Last year, the company had warned that both club and ball sales had taken a dive during the period. This year, the downward momentum continued in balls, irons, and putters, but the driver business appears to be on the mend, increasing more than 48% for the period, and International also helped keep the top line positive.

FX rate fluctuations had a $6 million negative impact on revenues for the period. In constant dollars, revenues would have increased three percent for the quarter.

Fellows said it is very difficult for any business dependent on new products and timing of shipments to forecast the business by quarter and that annual guidance was the “most prudent” level of guidance to deliver to investors and hoped to get to that level by 2007. Currently, the company has only provided the three-year outlook that has kept the market guessing and apparently drawing their own conclusions. Fellows reiterated that he felt that the Q1 results were “very much” on plan to achieve those three-year goals.

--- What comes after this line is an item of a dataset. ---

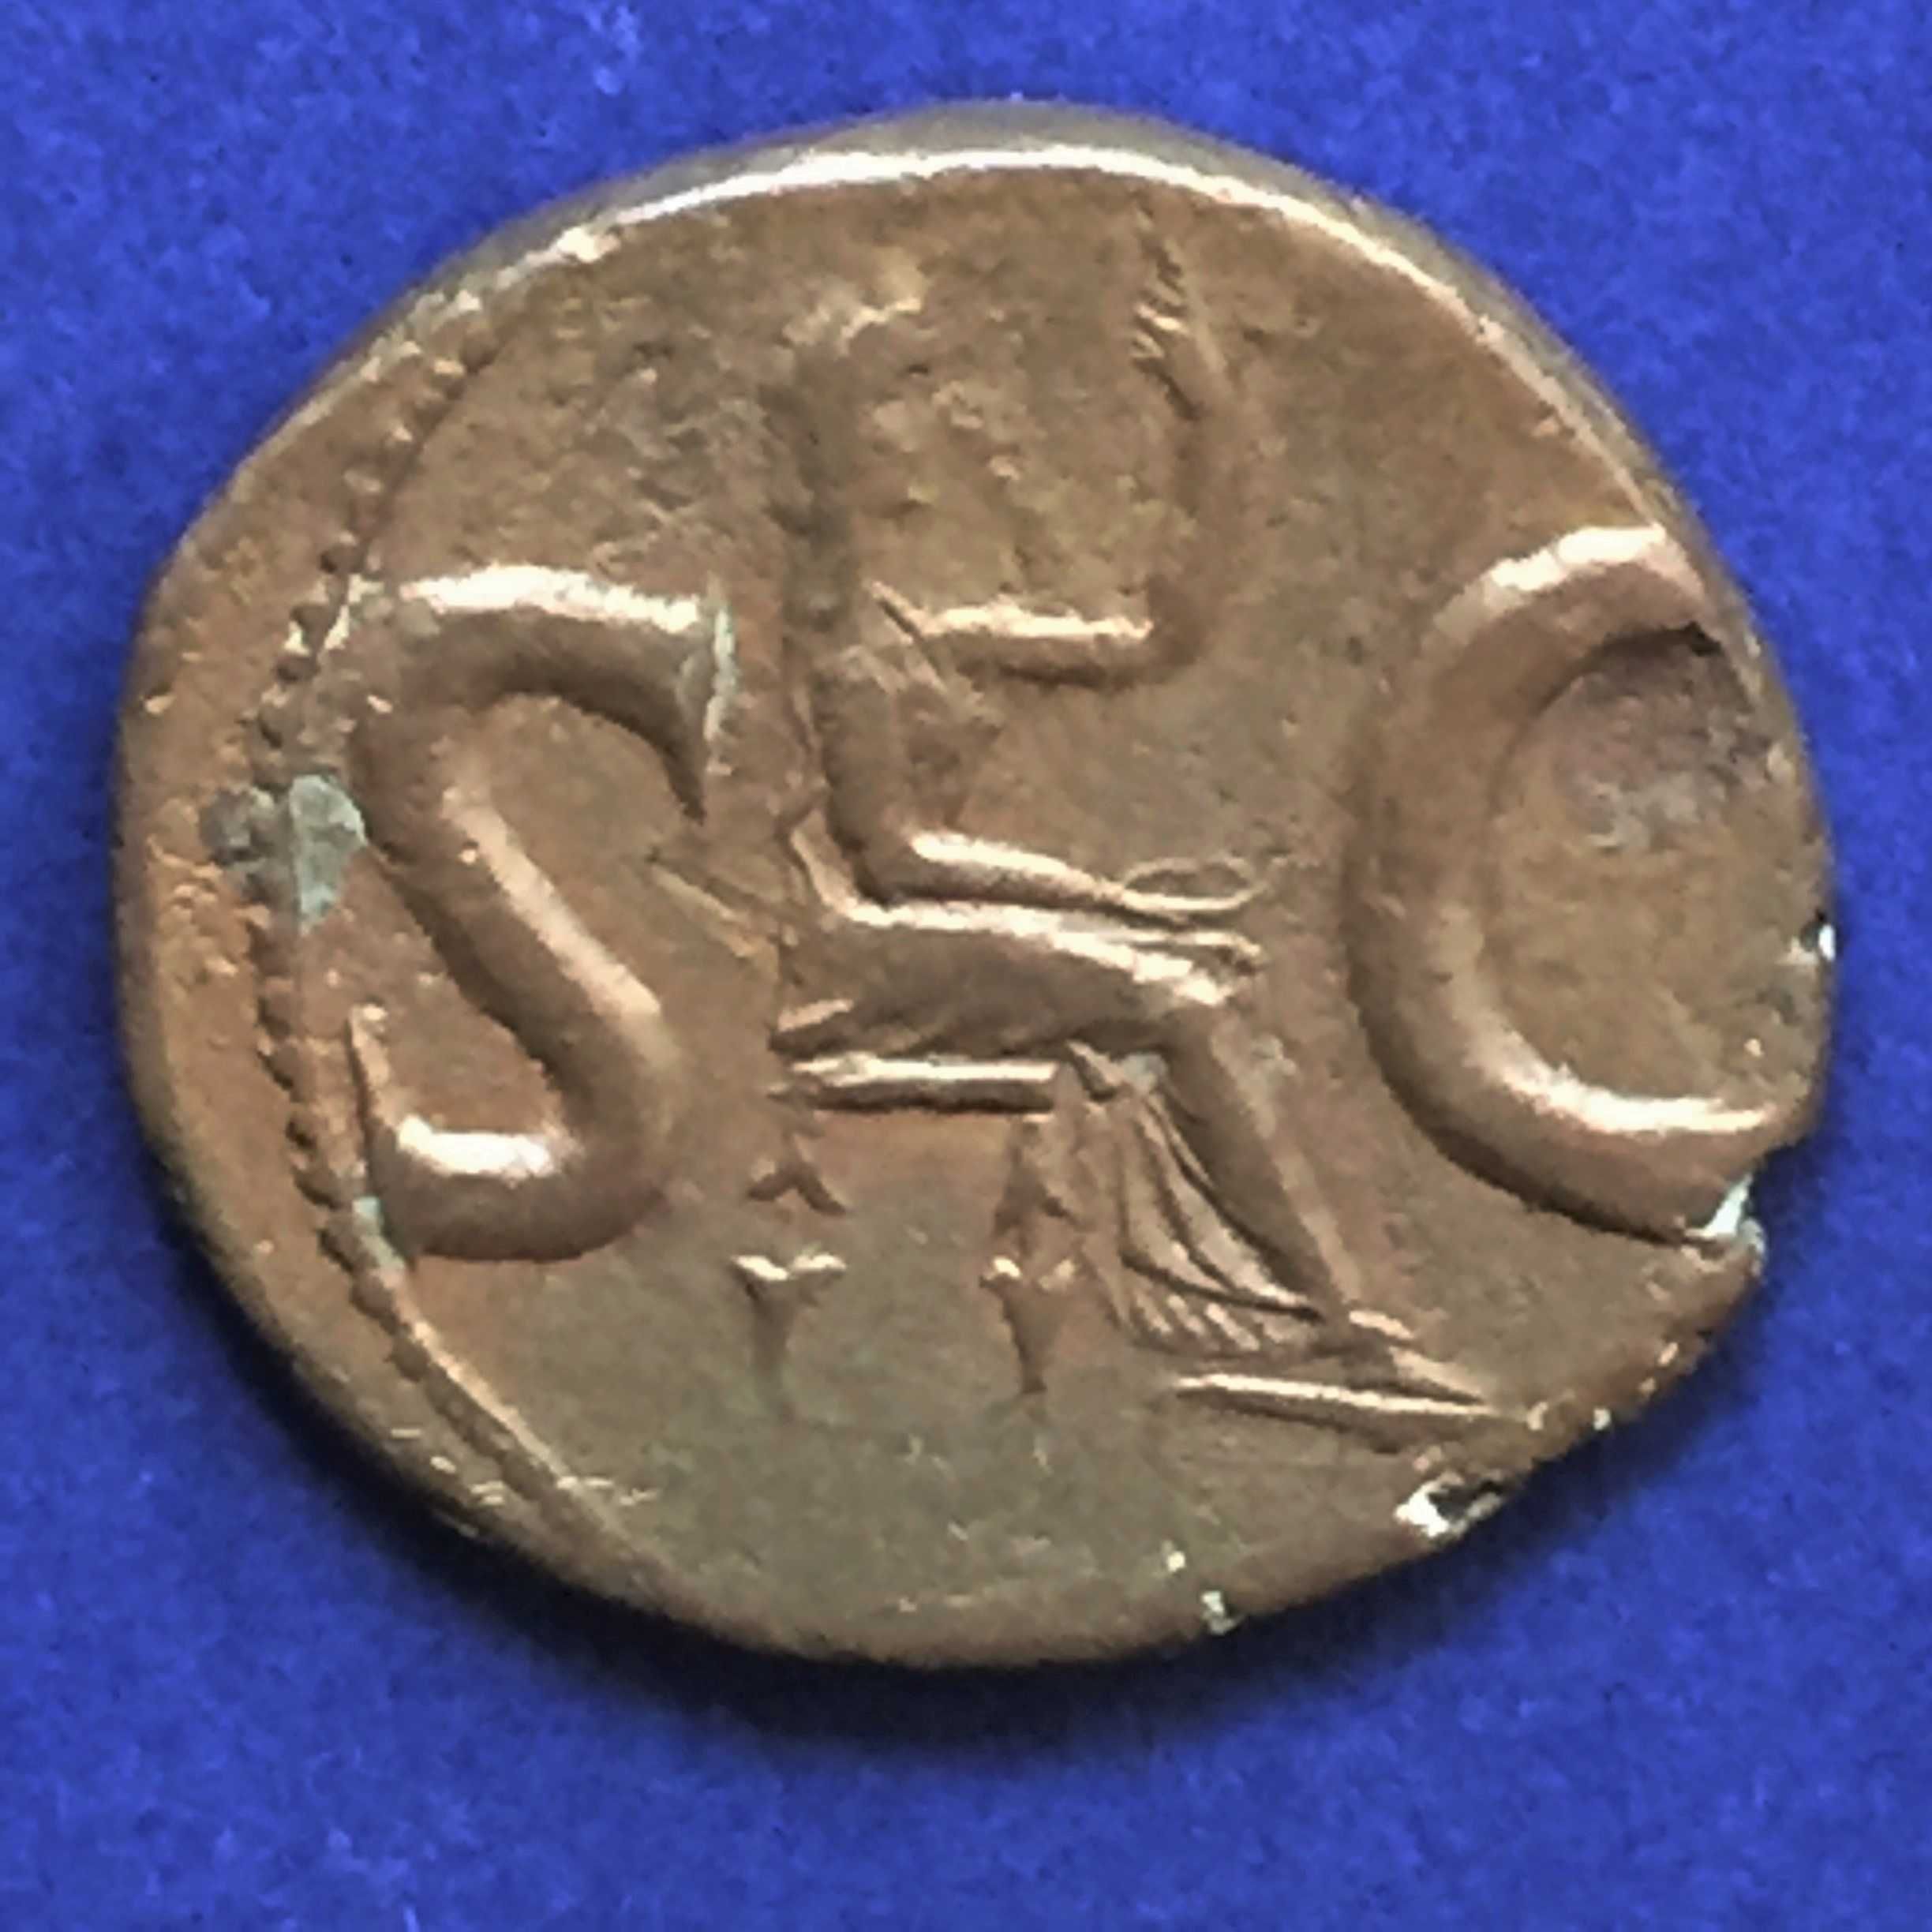 moeda romana AUGUSTO -Asse, Roma 15-16 D.C.,RIC 72-cobre-PORTES GRÁTIS

Management said that a timing difference in irons and putters was the culprit in declining sales in those categories. A new 2-ball SRT putter that Mickelson used at the Masters won’t be available until at least June. The woods business benefited from an expanded range, including three drivers and a line of fairway woods. The ball business was impacted by continued weakness in the Top-Flite brand, offset a bit by strength in the Callaway brand ball product.

Mr. Fellows said the Top-Flite brand had been “badly neglected prior to Callaway acquiring it in 2003. He said they are now seeing increased competition in the $15 to $20 segment of the business.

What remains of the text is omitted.